ANYTHING FOR CAVIAR A.K.A. COUNTRY MUSIC MASQUERADING AS HEAVY METAL BROUGHT TO YOU BY THE DESTRUCTION ESTABLISHMENT
Ernst was asked, earnestly,
"Could you lift nine diamonds from me, your
Ernst replied, "No, My Soutane" to the vestment
that draped o'er his shoulder and navel so solemnly.
"I haven't the precociousness for such a vain
and ill-comprised endeavor."
Michael, the interrogator, witnessed Ernst and responded with an empty sigh, packed his hopes in his strong leather coat, and made for the emergency exit. His mind was distracted. He pushed the door open as the bouncer approached him to tell him to use the other door. But it was too late. Michael's opening of the emergency door unleashed (via a long string) a choir of thirty-two piñatas, hidden above the dropped cieling (fire code). Soon the entire bar was dressed in cheap candy, some patrons slightly scathed. The bartender looked at Michael aghast, his expression saying: "You busted the Tomalin's great picnic prize, the one they've been preparing for years for the big production for when their daughter gets married."
"Who's the Tomalin's?" Michael asked.
The subsequent hush hinted to Michael that the Tomalins were not only the club's owners, but also that the Tomalins were in fact Mafia. Michael, fully understanding the Mafia, pretended to not know what was going on, dropped the subject, and ran to a corner of the bar to ensue his fake vomiting act. His depiction of the vomiting experience was so true-to-life (and he knew it) that all the weak-hearted believed him to be sick, and nonchalantly managed to refocus their attention to the T.V. playing Country Rock videos above the bar. The video playing was one of the then-new country legend hit phenomenon "Garth Brooks" and his two guitar players bashing guitars together. Michael, safe from punishment and no longer the center of attention, blossomed out of his cowering position to witness the crossover feat of the decade: Country Music masquerading as Heavy Metal brought to you by the Destruction Establishment. Michael's eyes widened. The End of the World is Coming, he thought to himself, so he screamed: "IS THAT ALL THERE IS?"

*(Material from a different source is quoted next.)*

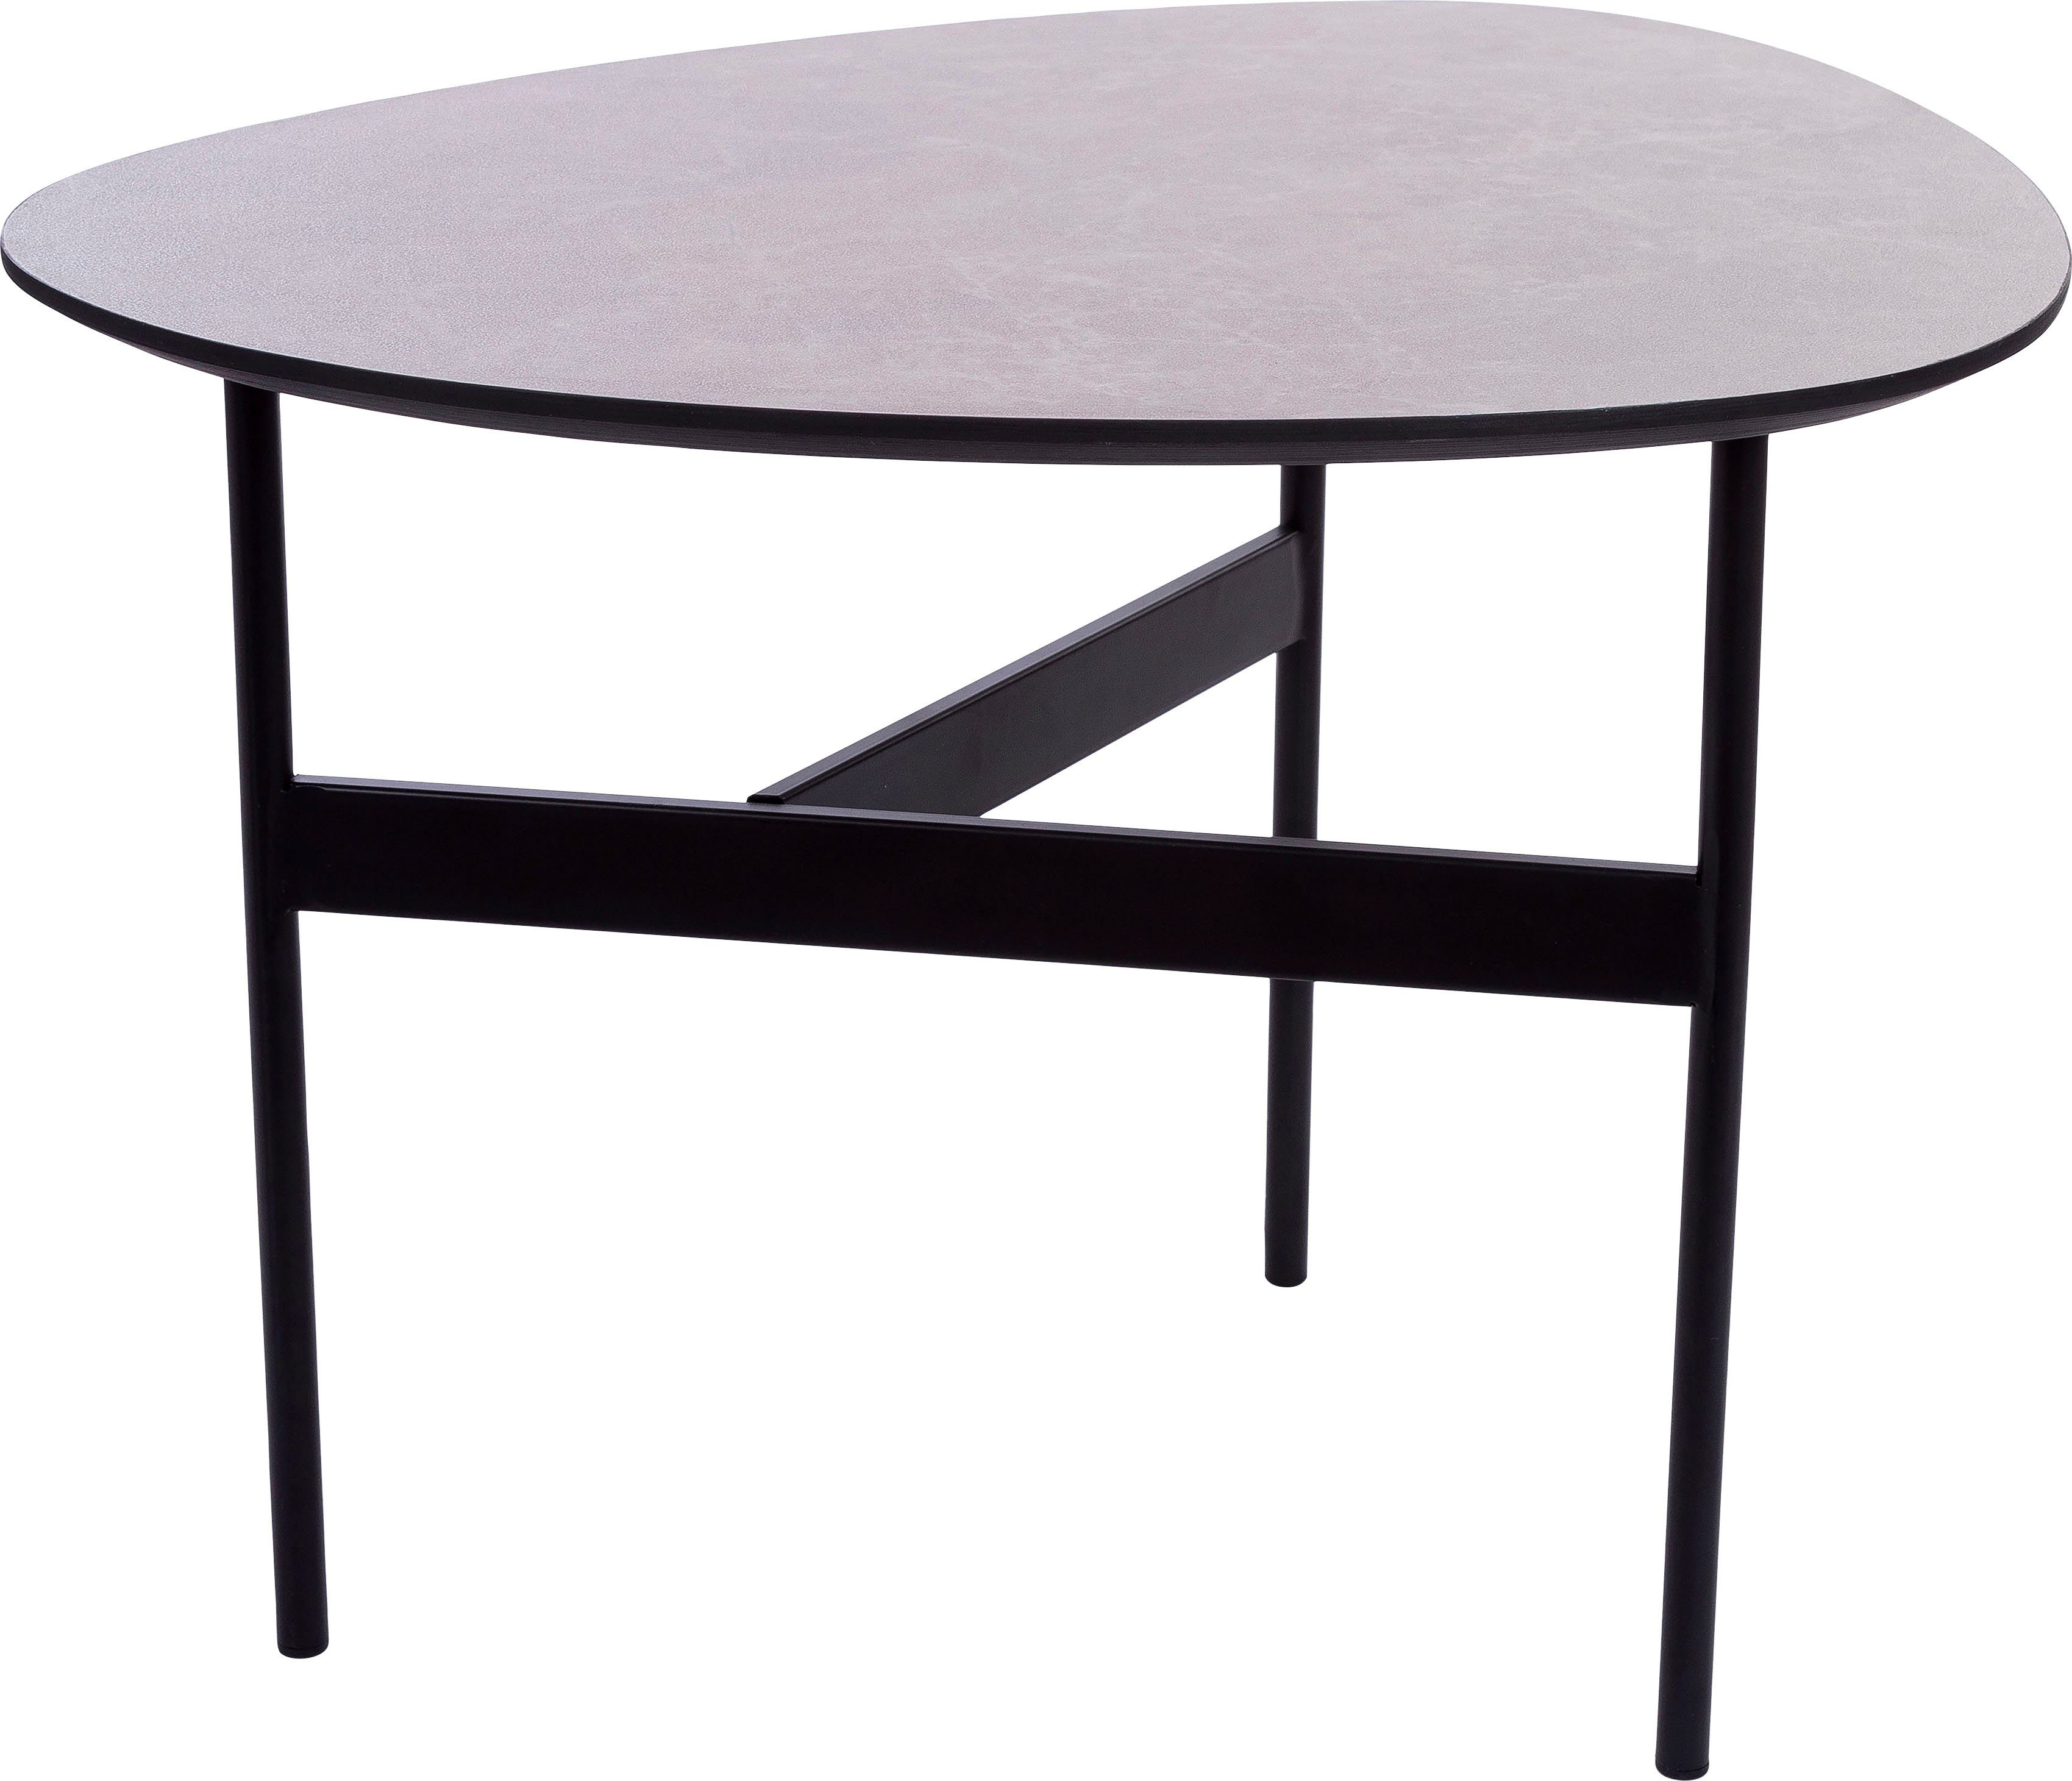 Home affaire Beistelltisch, Bein lackierter 3 Tischplatte, Gestell Oval, Beistelltisch grau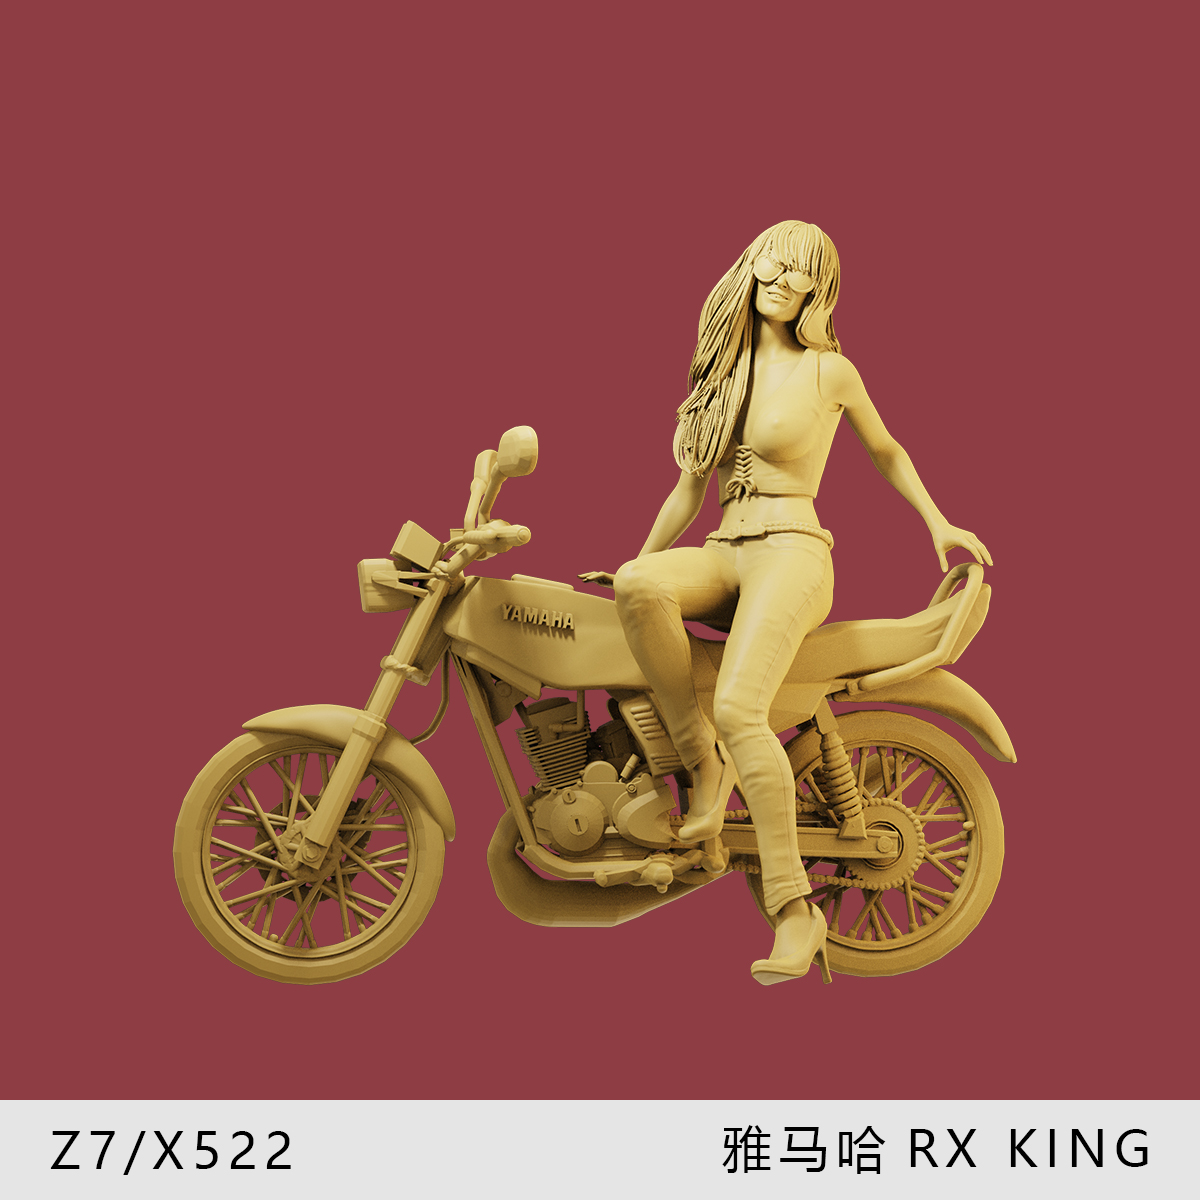 【雅马哈RXKING】90年代复古1/64摩托车模型手办1:43微缩沙盘白模

(For a moment Peggy Lee's knowing smirk flashed in the minds of twelve of the tavern's patrons.) Michael cringed, mouth agape, mesmerized by the horrors. For sedation purposes, he tried to convince himself that the guitar bashing in the Garth Brooks video was an accident, an event spurted on by a deranged fan, or worse yet, a deranged publicist.

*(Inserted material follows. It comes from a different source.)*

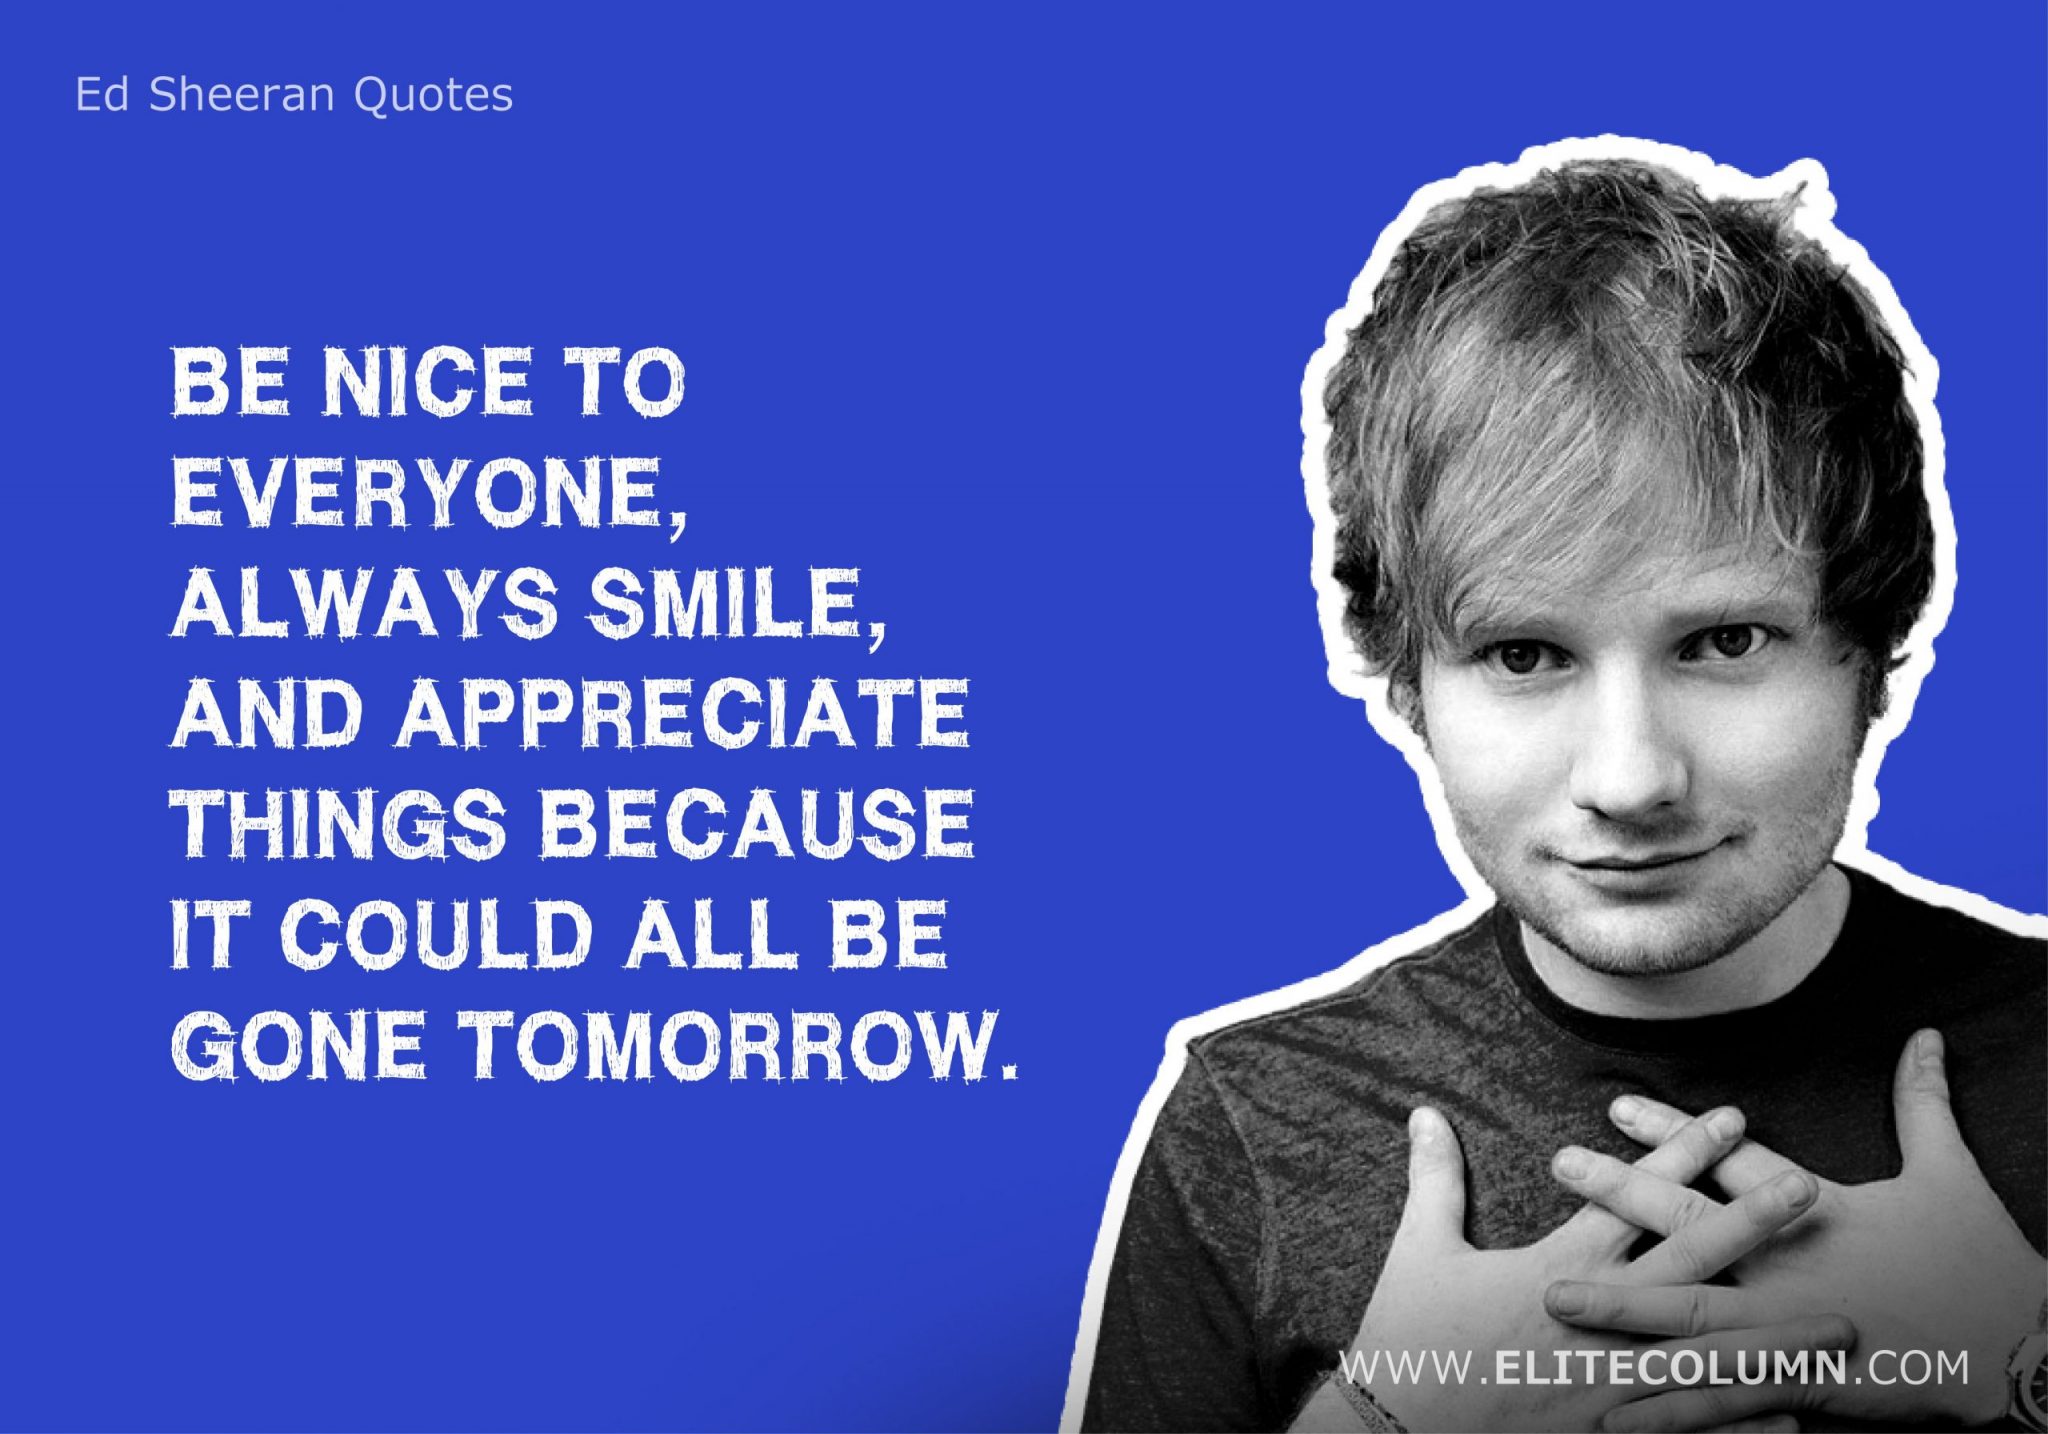 Ed Sheeran Quotes (13)

Michael deemed it proper to sanction a minute to pray: To pray to realign this greasebin world, to pray to establish sixty seconds of relief against a dimeweed world, to pray that it's all a dream and no shots of Love are ever squandered by pigs who'd do anything for caviar.
Ernst meanwhile (and erstwhile, too) sat oblivious at the end of the bar, delivered himself a mean bacon, sprinkled with toppings fresh from the City Zoo, and burped an ominous bile belch while asking the bartender for glue to affix his nine new diamonds to his soutane.